Posted on May 7, 2010 at 10:32 PM

Updated Wednesday, Oct 30 at 7:37 AM

HOUSTON -- A week of detention for a 10-year-old caught with a Jolly Rancher at school ended on a sweet note Friday after the state said the school went too far.

Leighann Adair has a sweet tooth but what happened a school this week, left a bad taste in her mouth. The Brazos Elementary third grader was about to eat a piece of candy, but it was taken away.

Jack Ellis, the superintendent for the Brazos Independent School District, said the school was abiding by a state guideline that banned “minimal nutrition” foods.

So that single Jolly Rancher led to detention, which separated her from other classmates at lunch and at recess.

Her parents called the punishment ridiculous.

“I don’t think they treated her fairly. I think the punishment was definitely exaggerated and they should have to apologize to her,” says Amber Brazda, Leighann’s mother.

School officials say they were following state law and were concerned about losing funding.

In a letter to the school system Friday, the Texas Department of Agriculture wrote, “This particular incidence of candy possession as it has been reported by KHOU-TV would not be considered a violation of the state or federal nutrition program and therefore would not have jeopardized your district’s food service funding.”

You can read the entire letter from the Texas Department of Agriculture by clicking here
.

Leighann’s dad, Michael Brazda, is happy that someone sees his point of view.

“I was glad.
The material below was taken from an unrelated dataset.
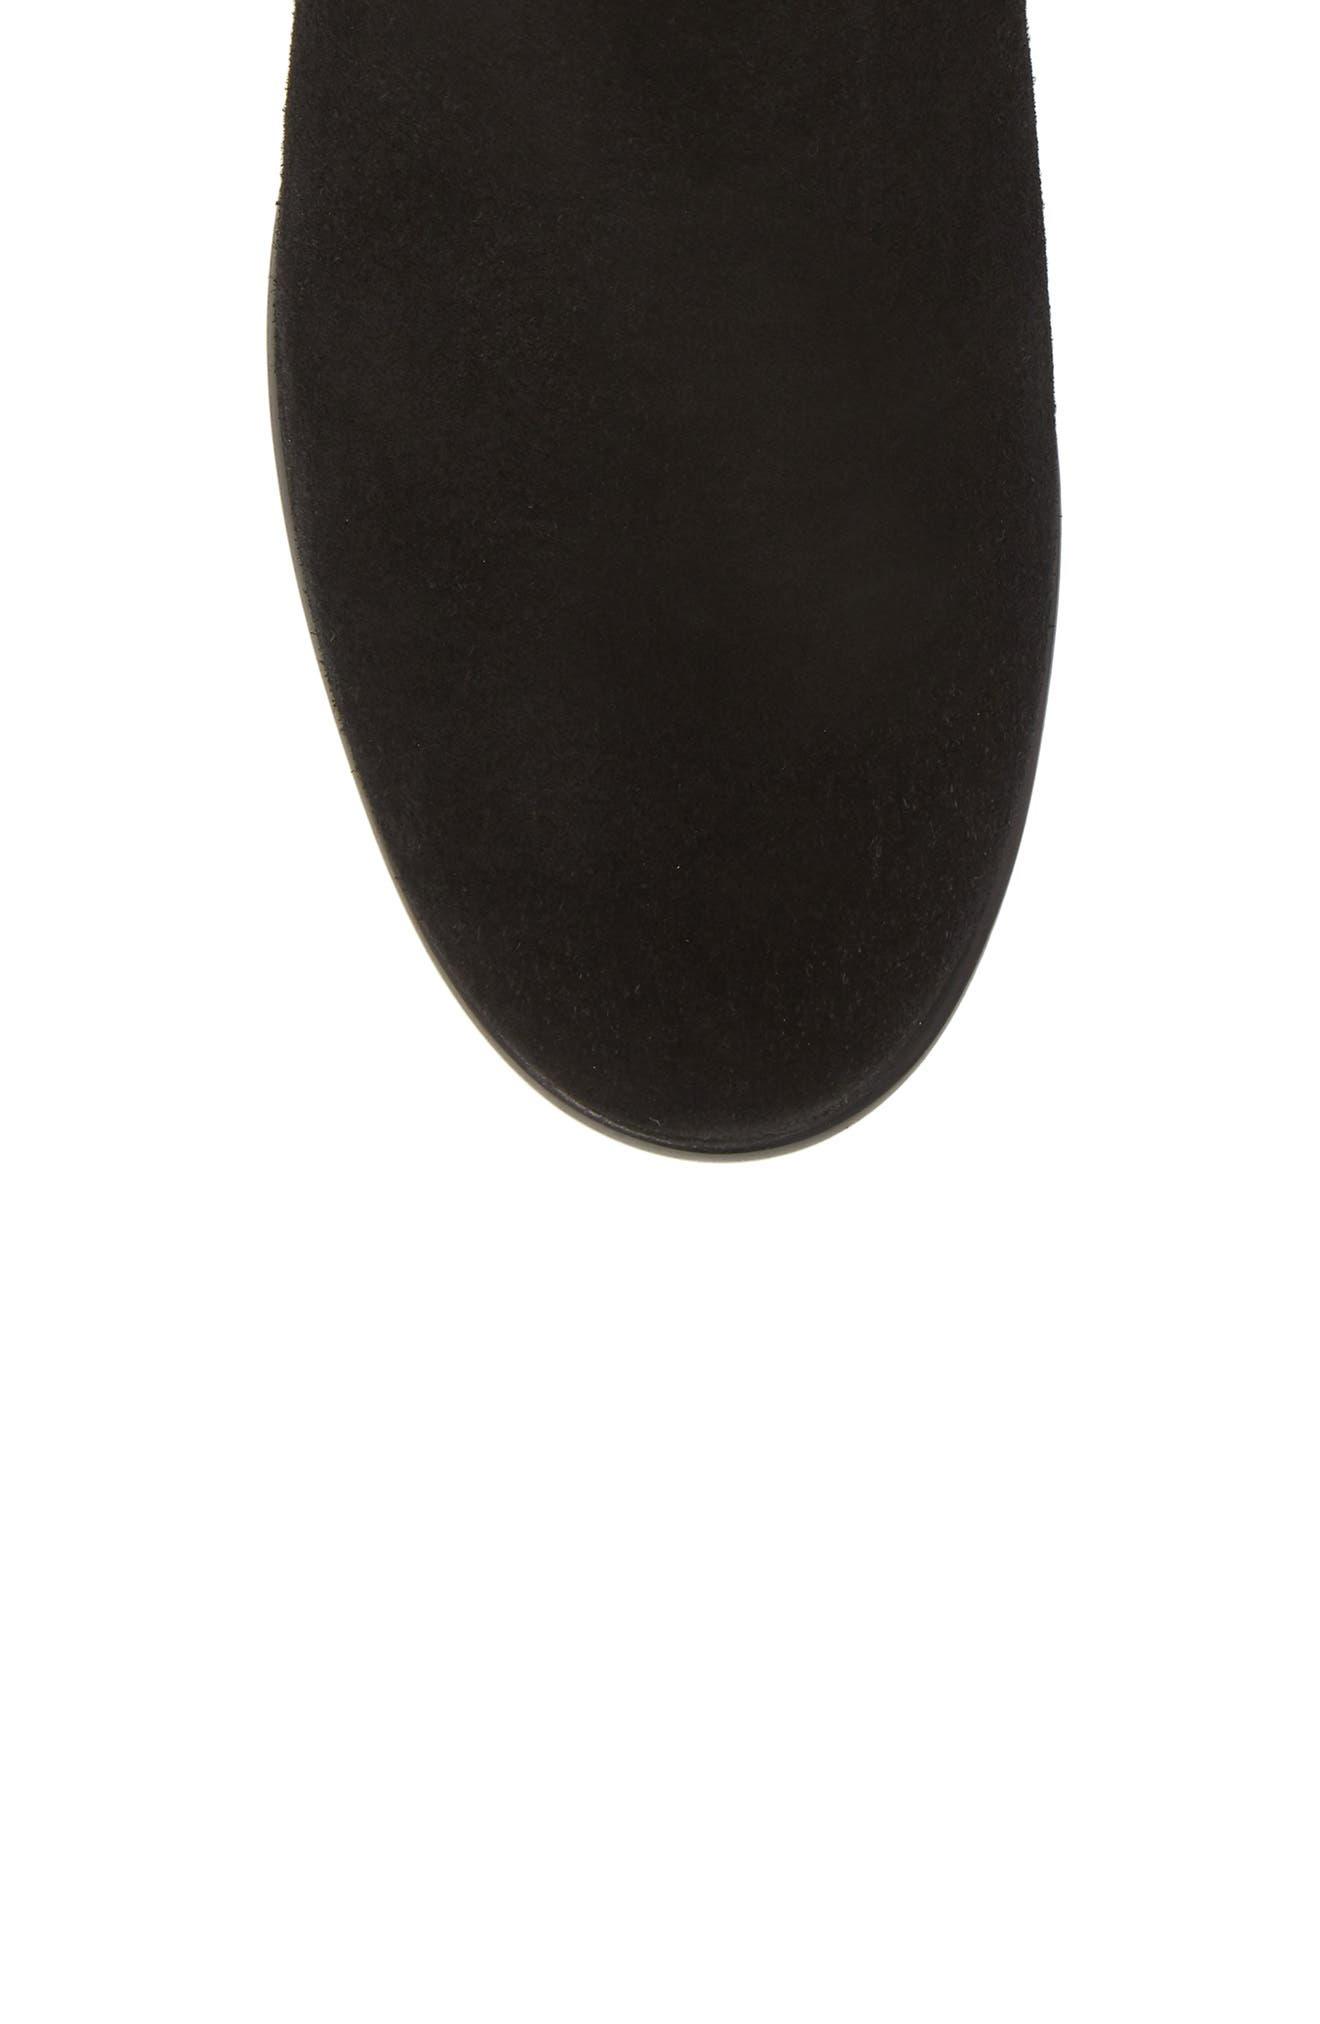 Sicilia Waterproof Boot,                             Alternate thumbnail 5, color,                             Black Suede

I was actually happy that something was coming about it. I was starting to wonder if I would get anything accomplished,” he said.

The detention is now over for the 10-year old and her mom says a valuable lesson was learned.

“If you feel that you’re in the right and they’re wrong and in your heart you know you’re right, then you have to fight for what you believe in,” Amber Brazda said.
 
The Agriculture Department also says that the nutrition policy is intended to improve the health of Texas youth, not prohibit sharing a little candy.